Transitions are a process - not a point in time. Families who prepare early and thoughtfully are far more likely to experience a smooth and purposeful shift from business ownership to stewardship of wealth.

Before the Exit

Many business owners defer family strategy until after the sale. They don’t want to get ahead of themselves, or they simply don’t have the capacity to give space to what life after the business might look like. But this is precisely when the groundwork should be laid.

  • Pause and Reflect - understand what the family wants - individually and collectively. What does life after the business look like for each person?
  • Establish a Family Strategy - define shared values, goals, and purpose. Begin conversations about how the family wants to live, work, and grow together.
  • Build Readiness - prepare governance structures, communication plans, and roles for family members. This ensures the family is organised and aligned before wealth is transitioned.

During the Exit

When the sale is underway, families are often encouraged into investing the proceeds. Advisers may be eager to pitch products or secure mandates, but this can distract from the deeper work of transition.
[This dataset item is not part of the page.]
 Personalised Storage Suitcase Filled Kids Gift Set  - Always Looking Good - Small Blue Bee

  • Stay Aligned - keep the family informed and involved in key decisions. Ensure everyone understands the implications of the sale.
  • Engage Advisers Early - legal, tax, and strategic advisers should work together - not in silos. Their advice should be coordinated and family-centric.
  • Protect the Family Dynamic - ensure emotional and relational aspects are supported, not just financial ones. This is a time of change, and families need space to process it together.

After the Exit

Once the business is sold, the family enters a new phase - one that requires structure, intention, and support.
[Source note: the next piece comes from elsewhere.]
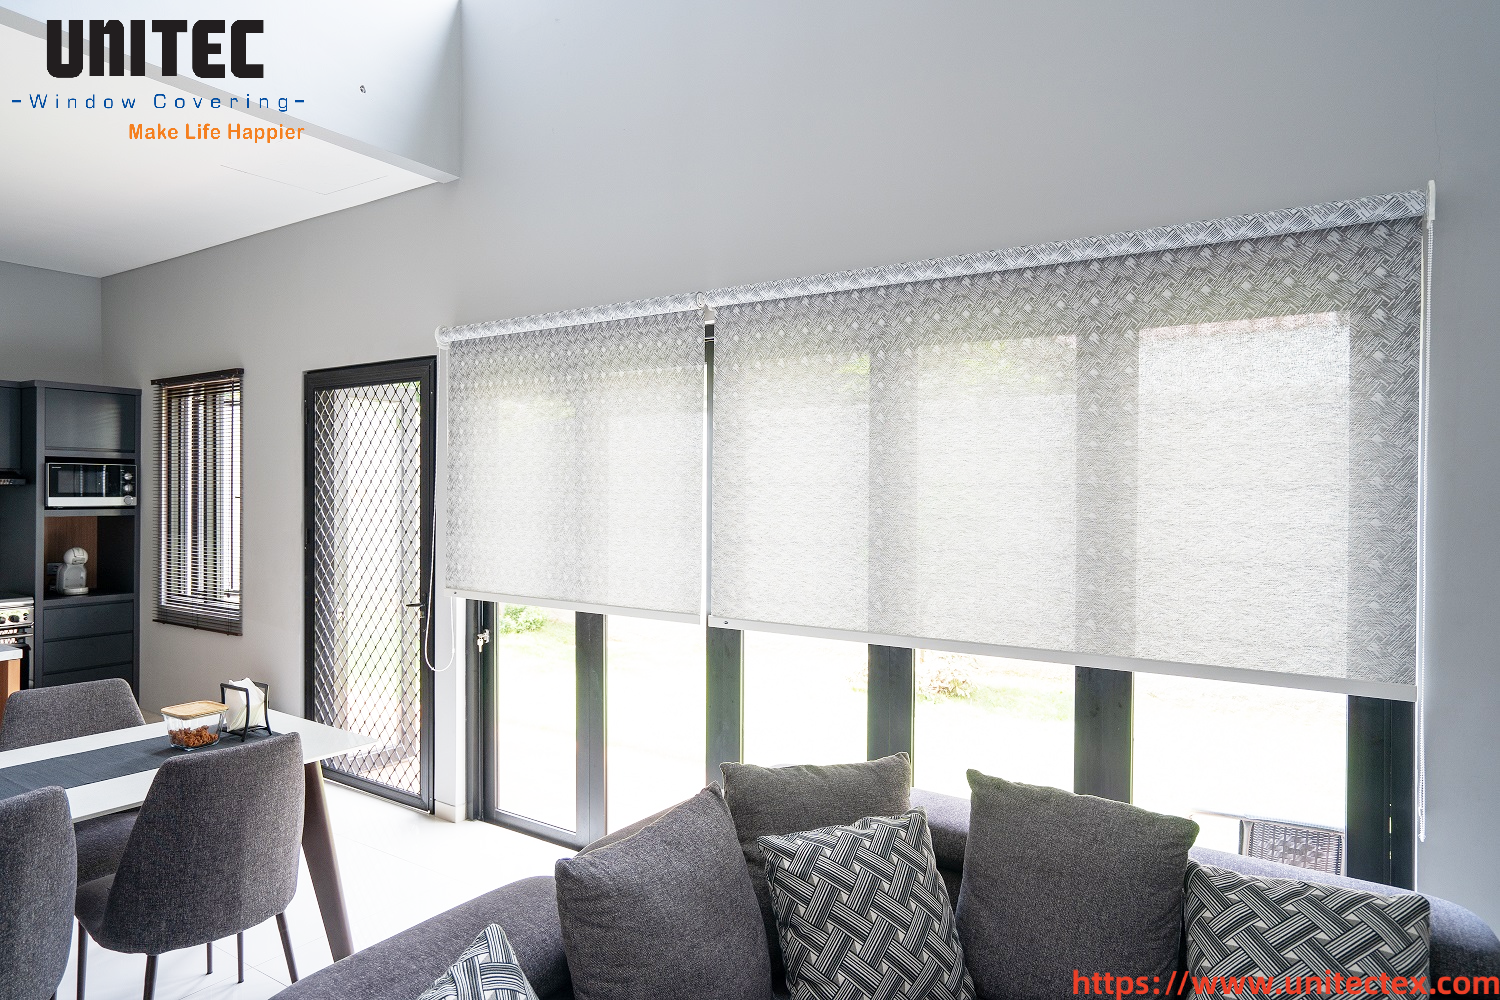 Would you roll up the blinds with blackout shades? Analyze the advantages and disadvantages

  • Design the Right Family Office Model - choose between a Single Family Office, Multi-Family Office or hybrid model. The structure should reflect the family’s goals and scale.
  • Engage the Next Generation - facilitate mentoring, education, and participation. Help younger members find their place in the family’s evolving story.
  • Plan for Legacy and Succession - address estate planning, philanthropic goals, and long-term governance. Ensure the family’s values are embedded in future decisions.
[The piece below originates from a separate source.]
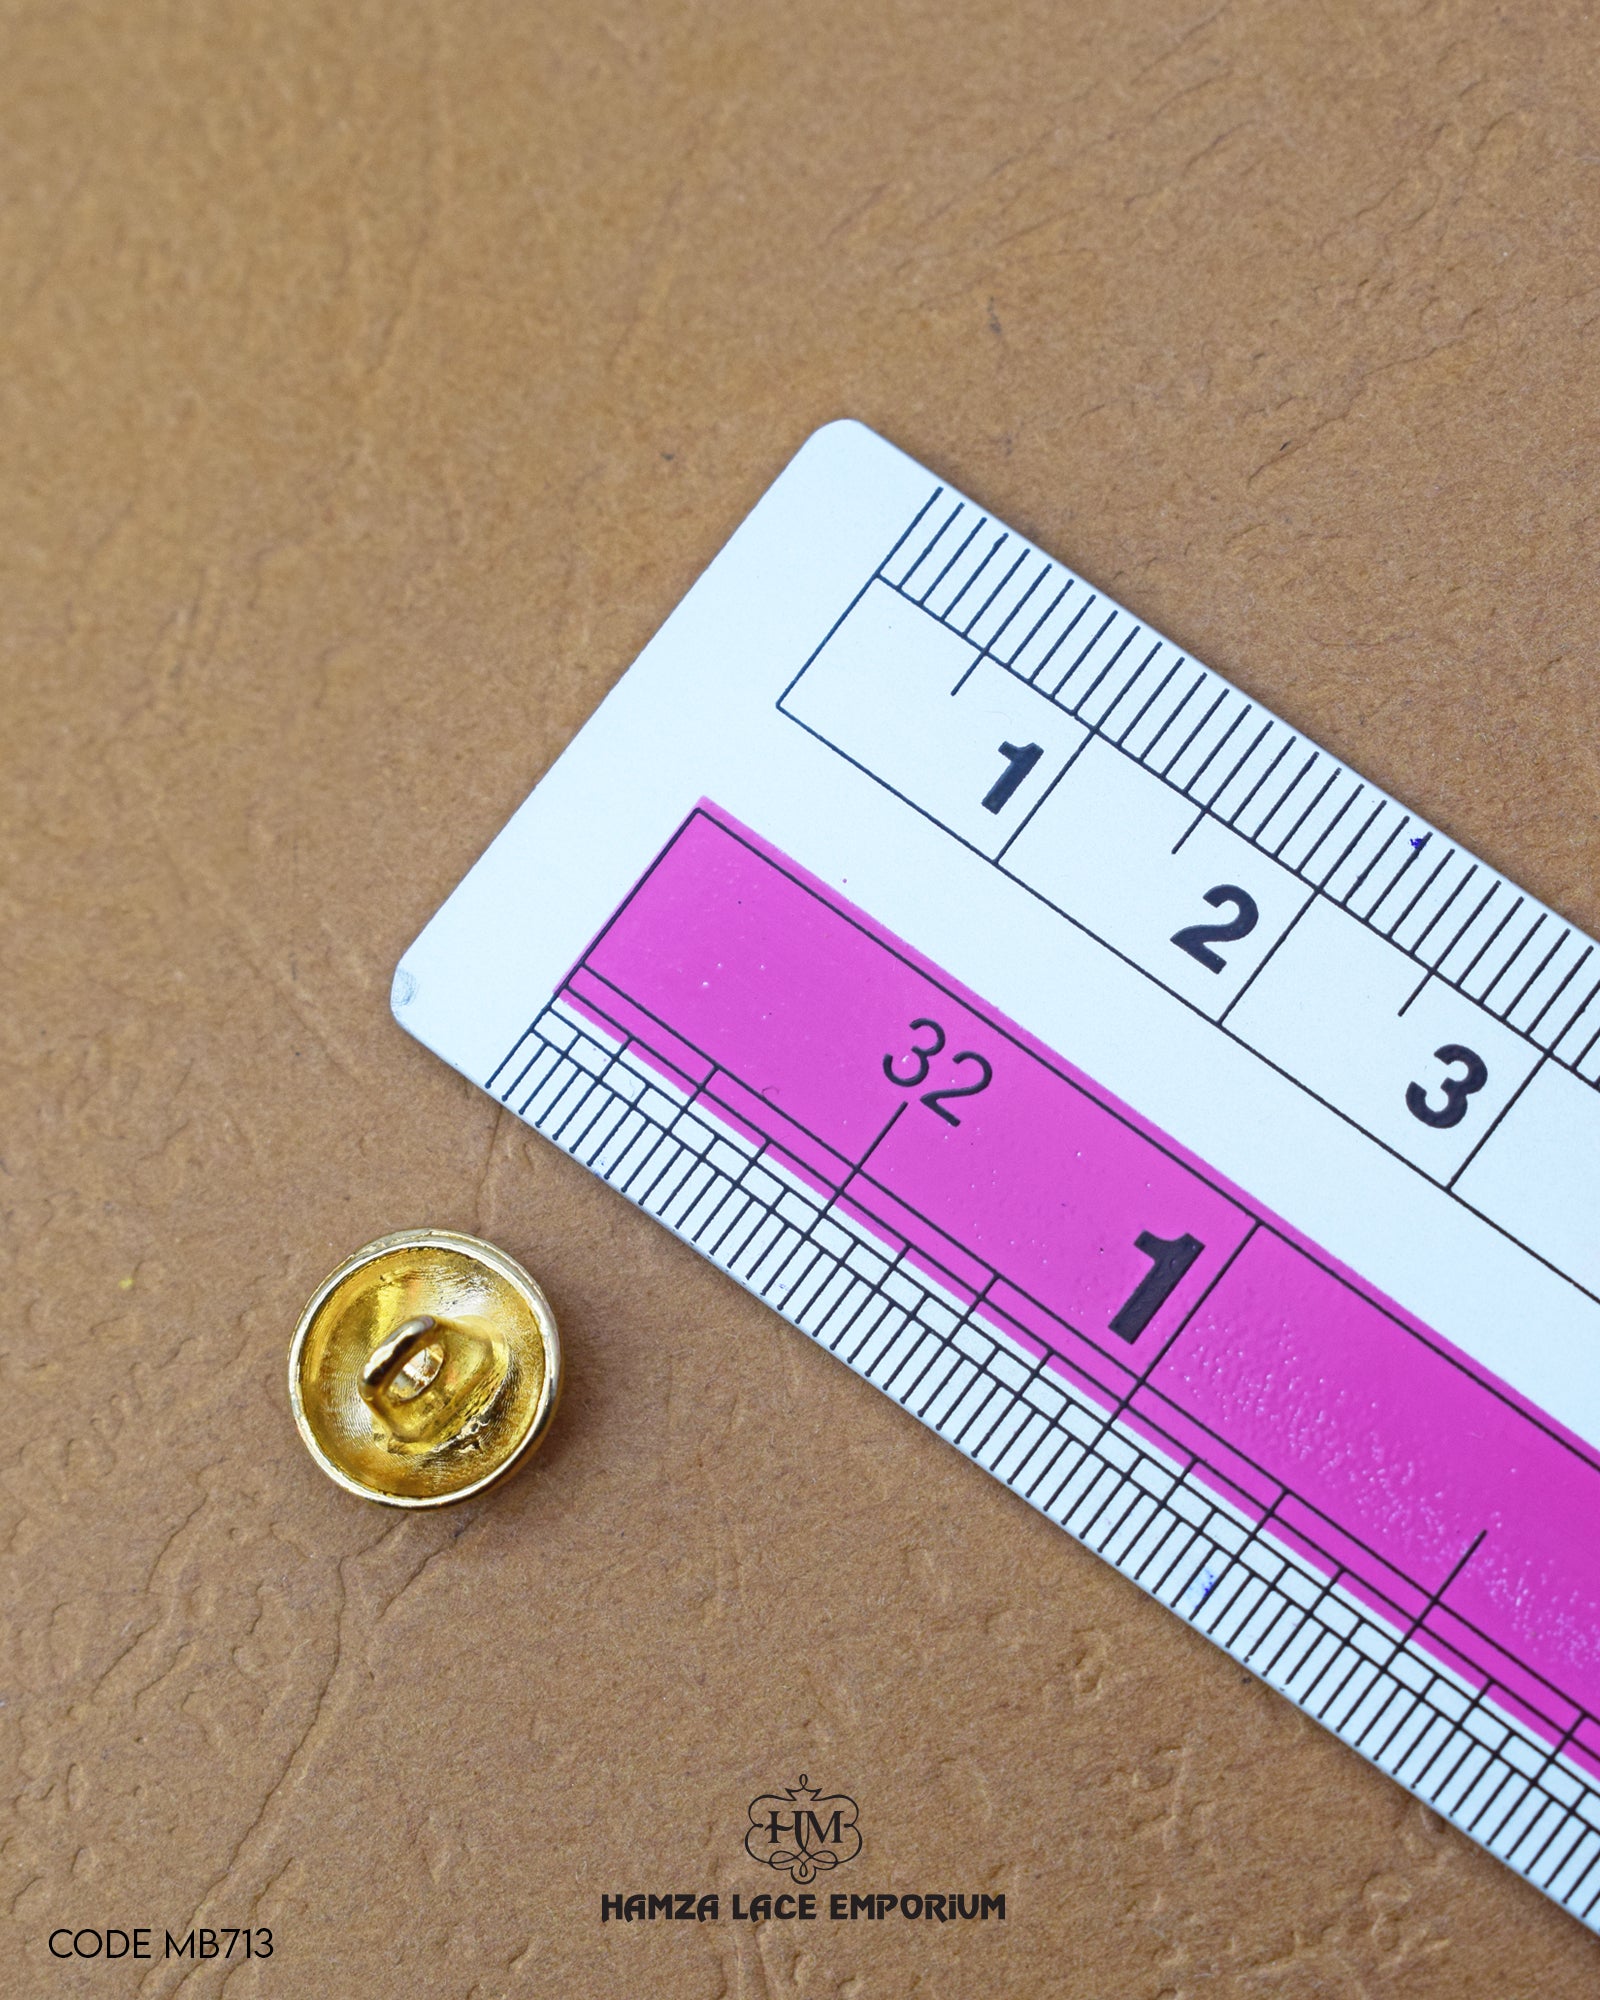 The size of the 'Golden Metal Button MB713' is measured using a ruler.

Example: From Business to Stewardship

One Australian family, after selling their manufacturing business, chose to establish a family office that supported both shared and individual goals.

They allocated part of the liquidity to fund the operations of the family office, enabling shared investing and governance. Another portion was distributed to family members to support their independence and personal ventures. The remainder was directed toward philanthropic initiatives aligned with the family’s values.

Their investment strategy included both operating businesses and passive investments - designed to meet income needs while growing capital over time.

The family office became a hub for oversight, cohesion, continuity and purpose.

Final Thoughts

Ten years ago, families in Australia often had to navigate this journey alone. Today, there are a small number of advisers who specialise in helping families transition from business owners to stewards of wealth and purpose. The right support can make all the difference - not just in financial outcomes, but in keeping the family connected and aligned.

“You’ve worked hard to get this far. Now is the time to do what you can to ensure the family - and its individual members - continues to thrive and achieve what they are seeking.”